Abstract
Accurate state of health (SOH) estimation for lithium iron phosphate (LFP) batteries remains challenging under long-cycle conditions. Conventional data-driven approaches typically demand extensive aging data and are often validated over only a few hundred cycles. This paper proposes an SOH estimation method for long-life LFP batteries, integrating electrochemical insight with statistical feature engineering to improve interpretability. Using cycling data from two types of cylindrical 26650 LFP batteries with different capacities and lifespans, eight statistical metrics are extracted from the first peak of the incremental capacity curve during early charging. These features are denoised via Gaussian-weighted moving average filtering and evaluated through Spearman correlation analysis, confirming strong correlation with capacity degradation. After comparing three feature selection strategies, the six most relevant metrics are used as health indicators to train an LSTM model. Validation across two independent datasets shows SOH estimation with mean absolute percentage error (MAPE), root mean square error (RMSE), and mean absolute error (MAE) as low as 0.258%, 0.298%, and 0.235%, respectively. Even with significantly reduced training samples, the maximum errors remain below 0.528%, 0.604%, and 0.472%. The results demonstrate the practicality of the approach for accurate, data-efficient SOH estimation of long-life LFP batteries.
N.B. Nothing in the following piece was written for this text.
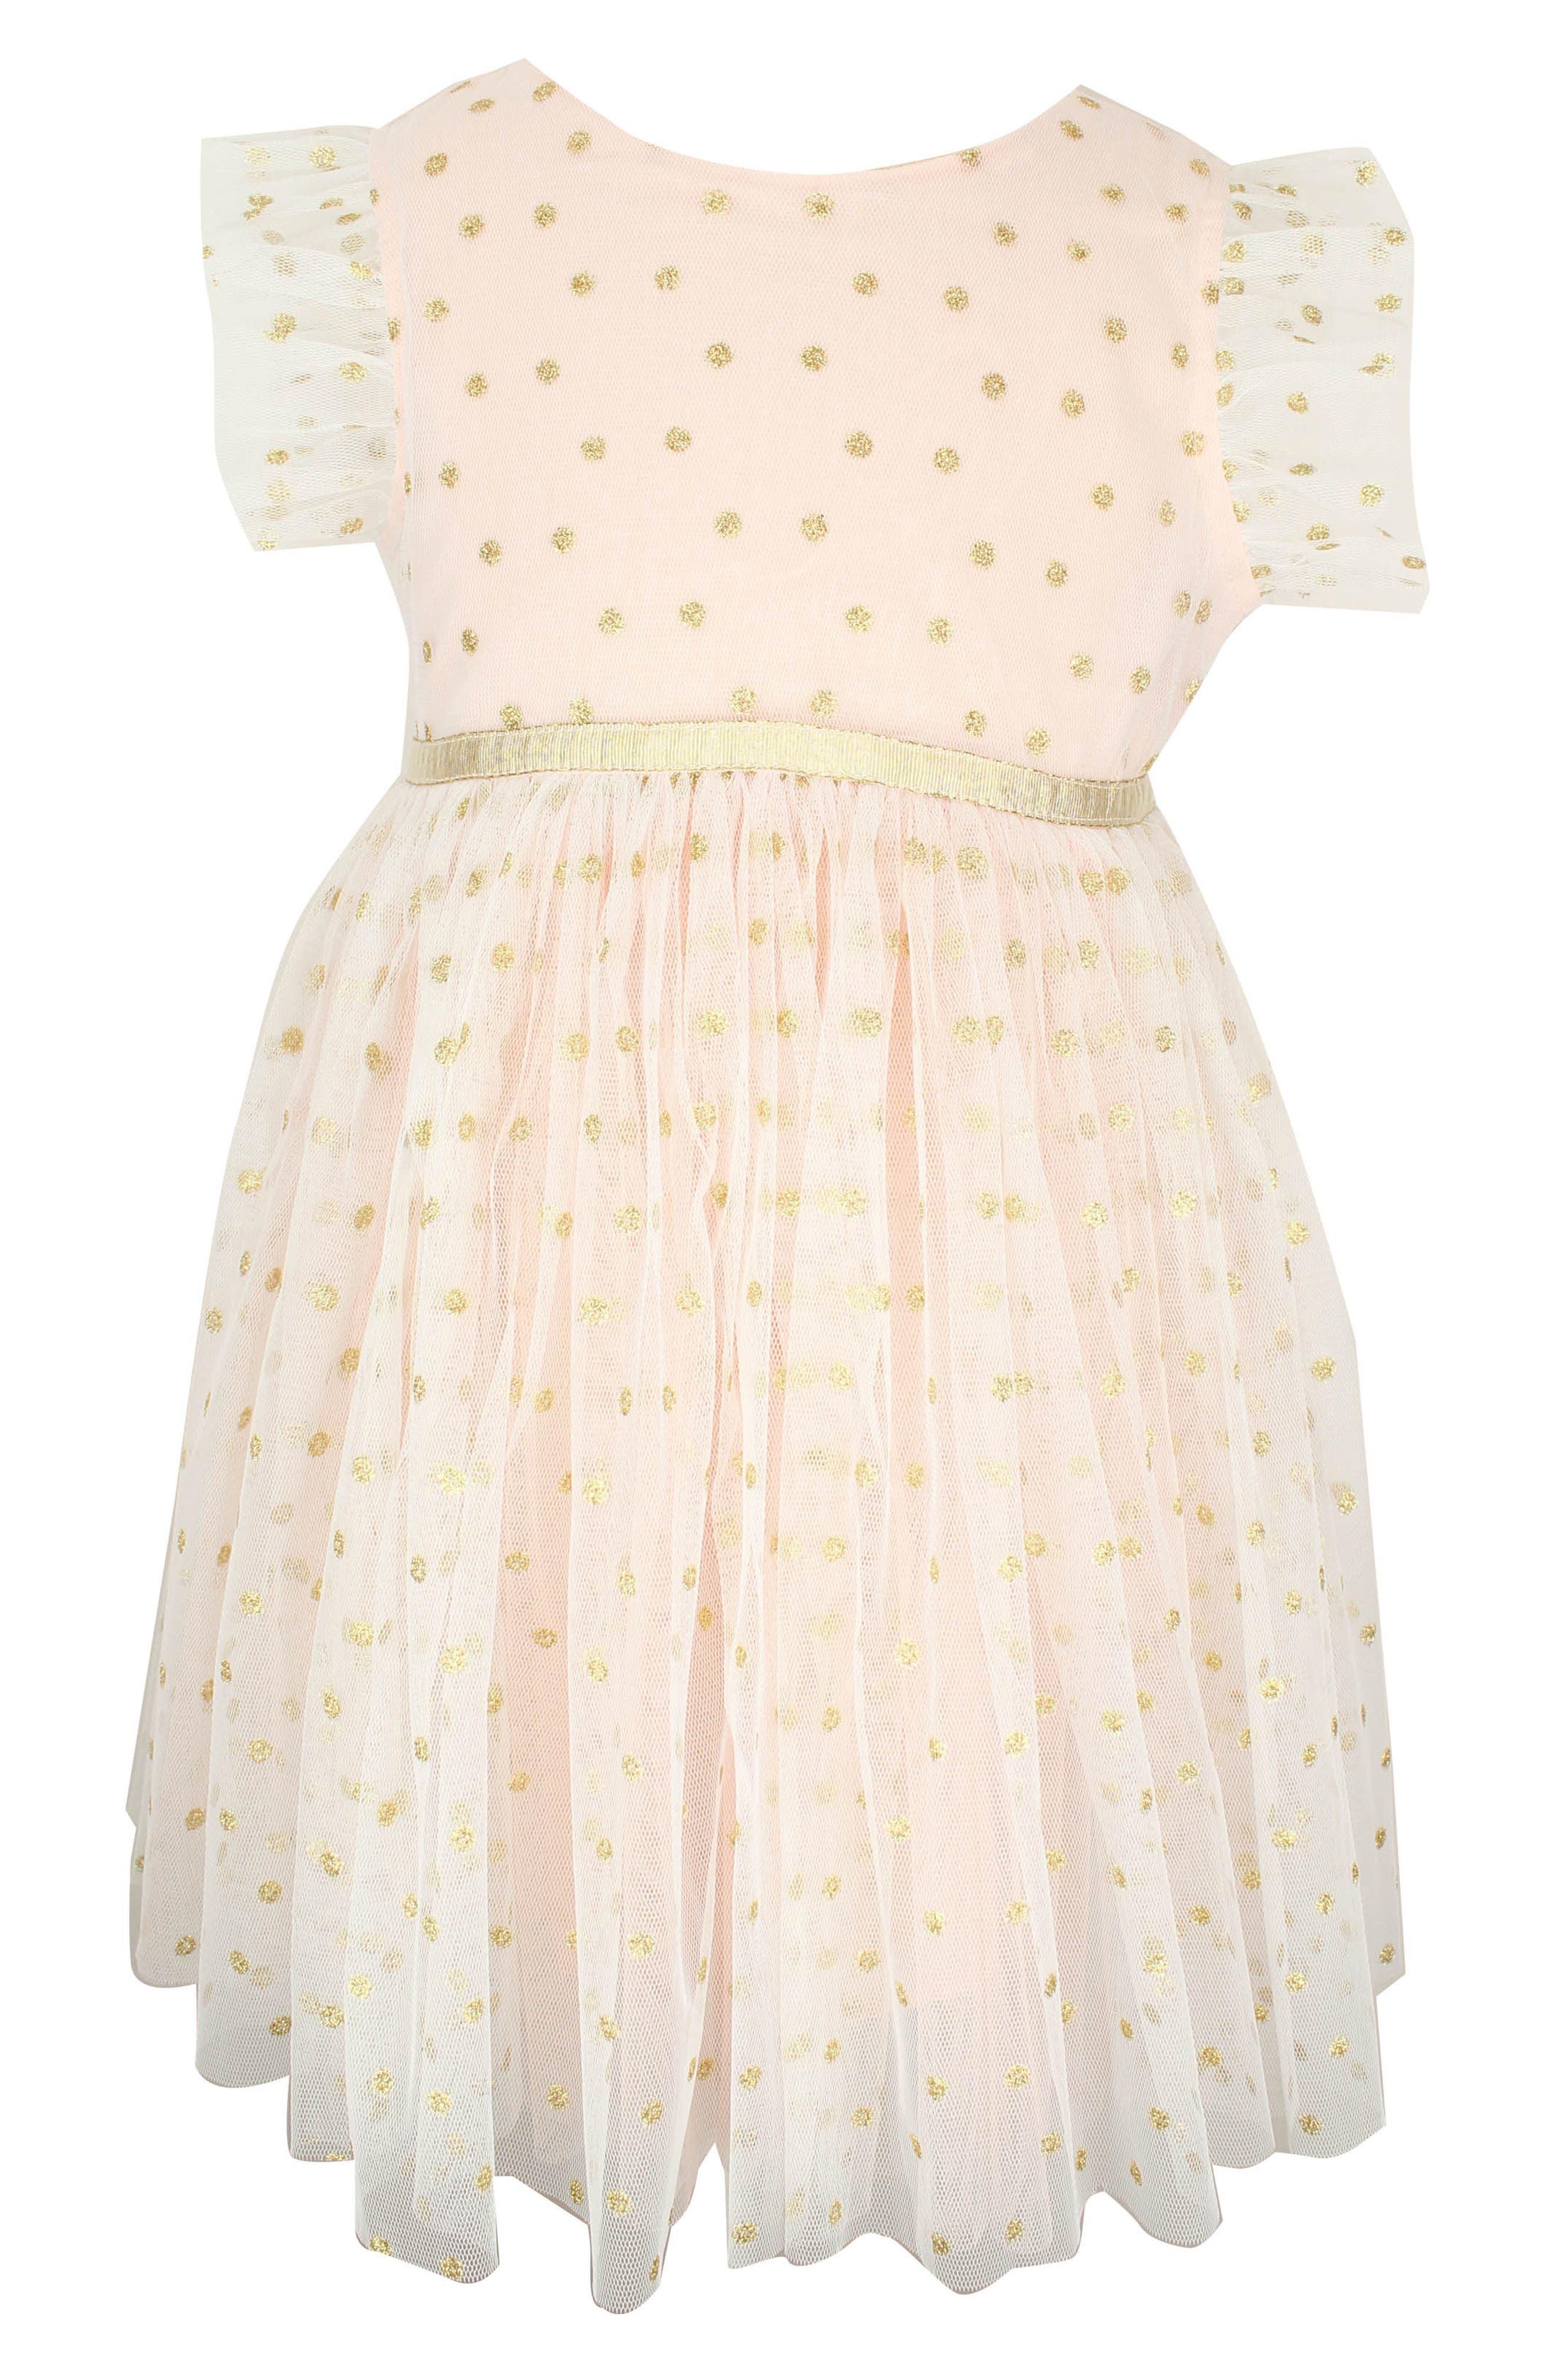 POPATU, Dotted Tulle Dress, Main thumbnail 1, color, PEACH
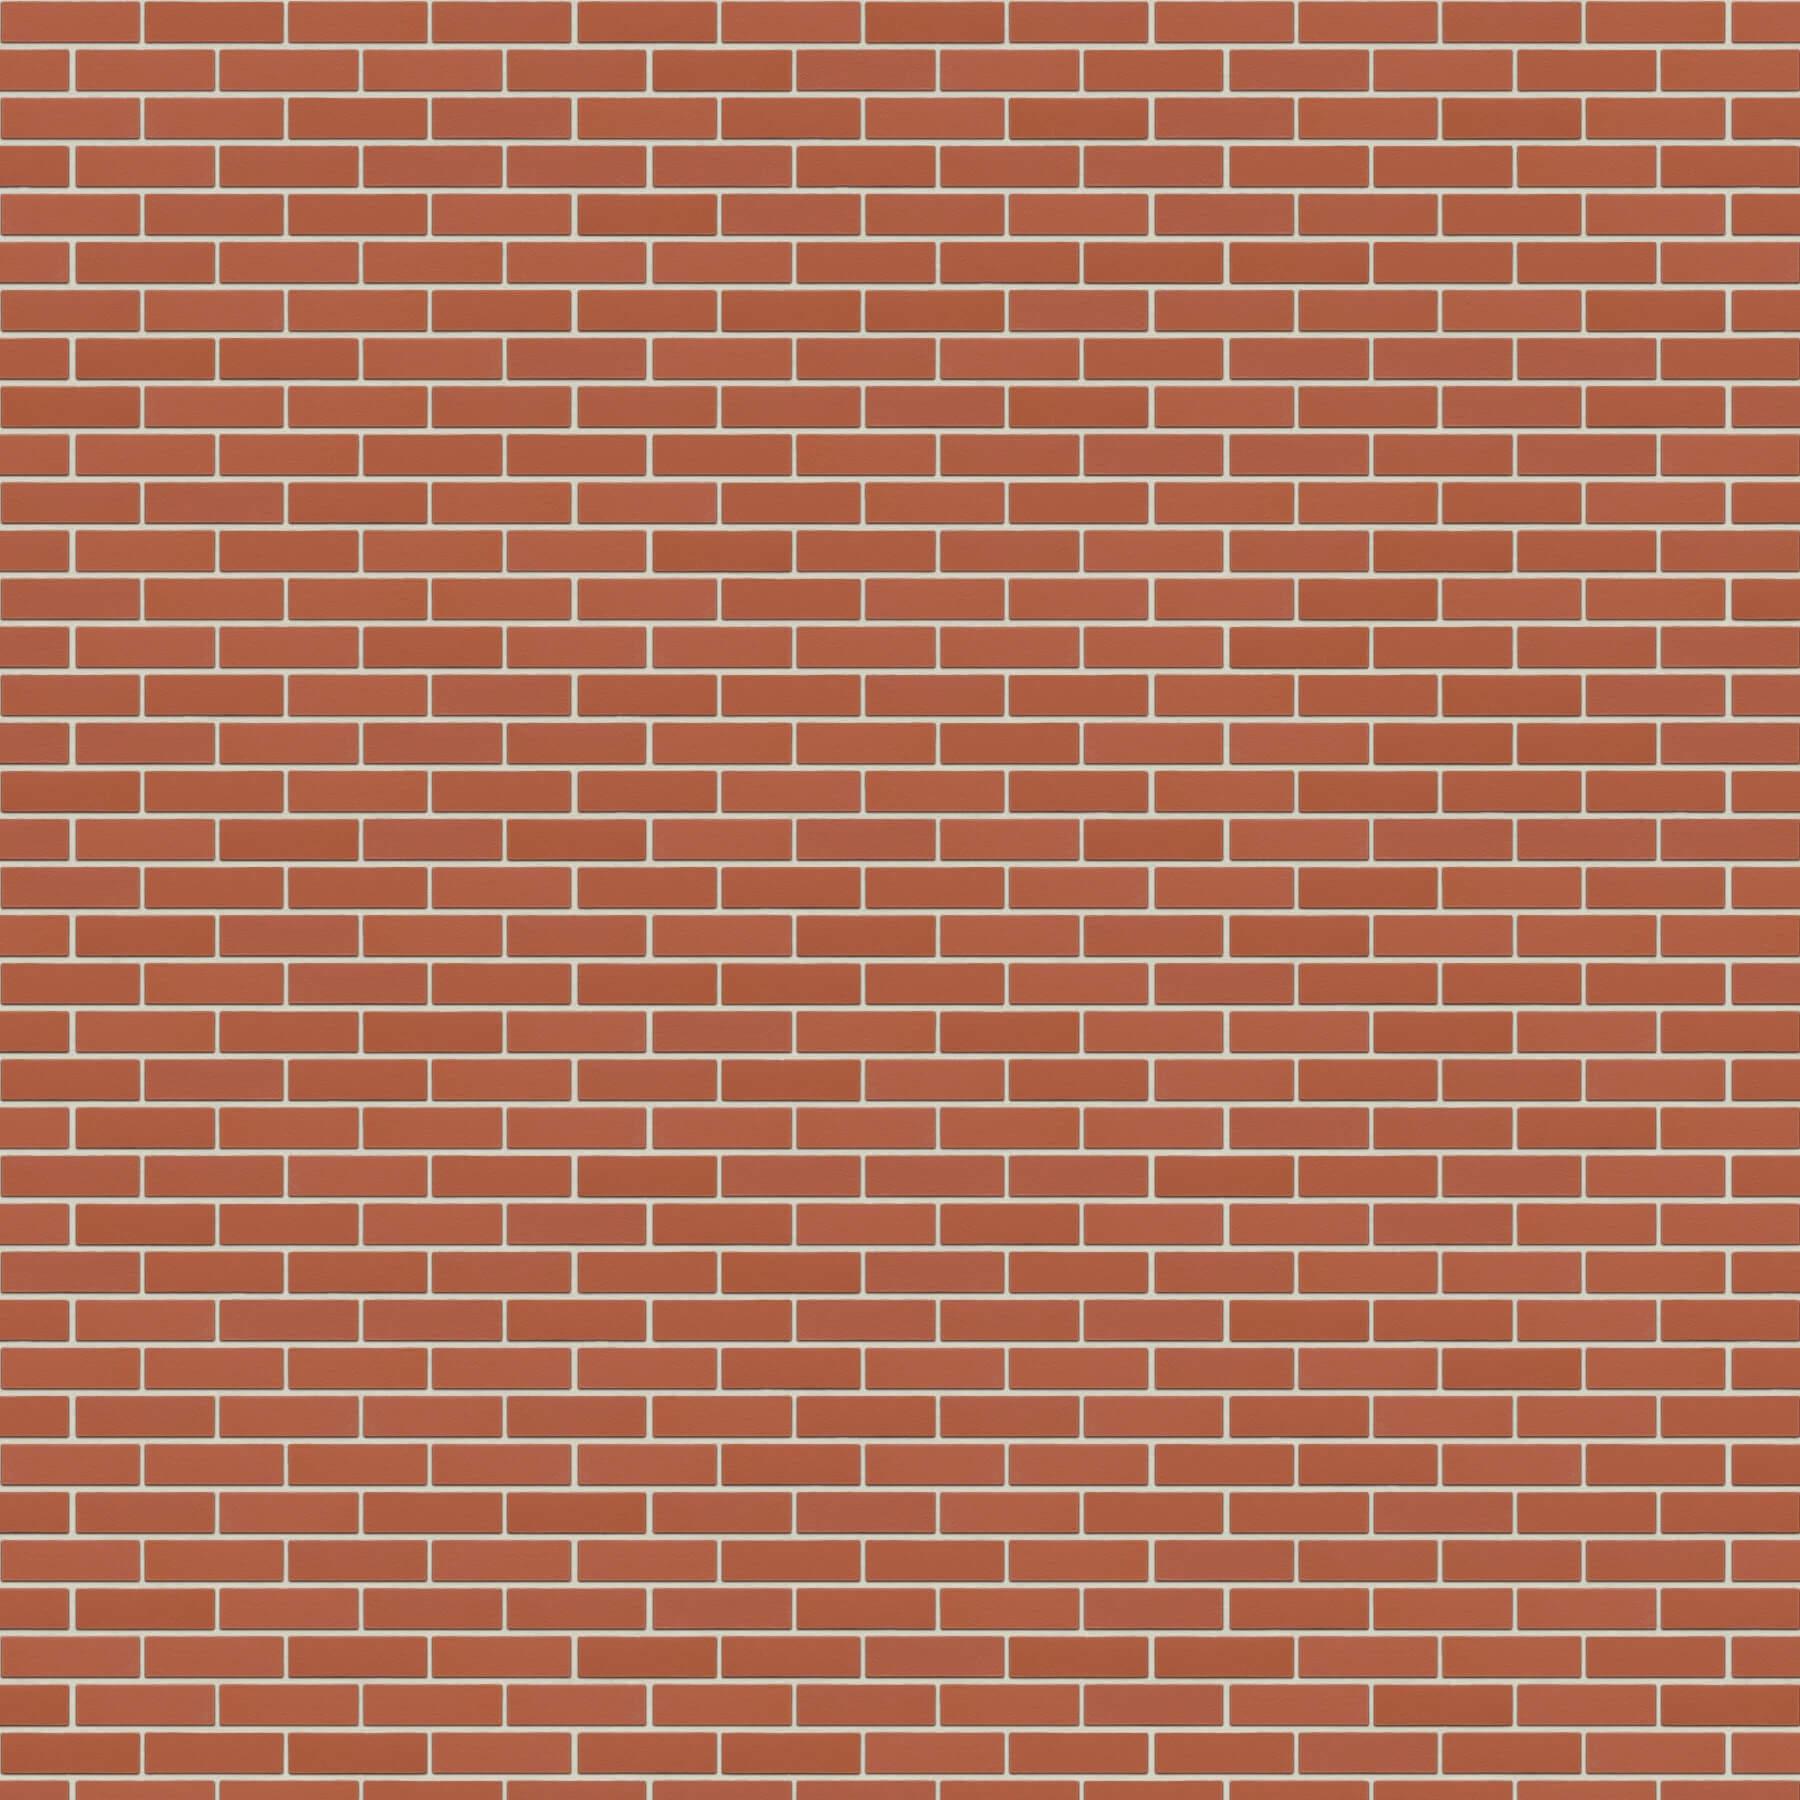 Puna-cigla-FeldHaus-Klinker-brick-house-nf-k-400-Bela Fuga

| Original language | English |
|---|---|
| Article number | 240186 |
| Pages (from-to) | 1-13 |
| Number of pages | 13 |
| Journal | Journal of Power Sources |
| Volume | 679 |
| Early online date | 26 Apr 2026 |
| DOIs | |
| Publication status | Published online - 26 Apr 2026 |
Bibliographical note
We gratefully acknowledge the support of Guangdong Basic and Applied Basic Research Foundation, China(2023A1515110792) and the support of the Ministry of Science and Technology of People's Republic of China (502220178). Author ANA acknowledges the Ongoing Research Funding program (ORF-2026-304), King Saud University, Riyadh, Saudi Arabia.© 2026 The Authors. Published by Elsevier B.V. This is an open access article under the CC BY license. http://creativecommons.org/licenses/by/4.0/
Data Availability Statement
Data will be made available on request.UN SDGs
This output contributes to the following UN Sustainable Development Goals (SDGs)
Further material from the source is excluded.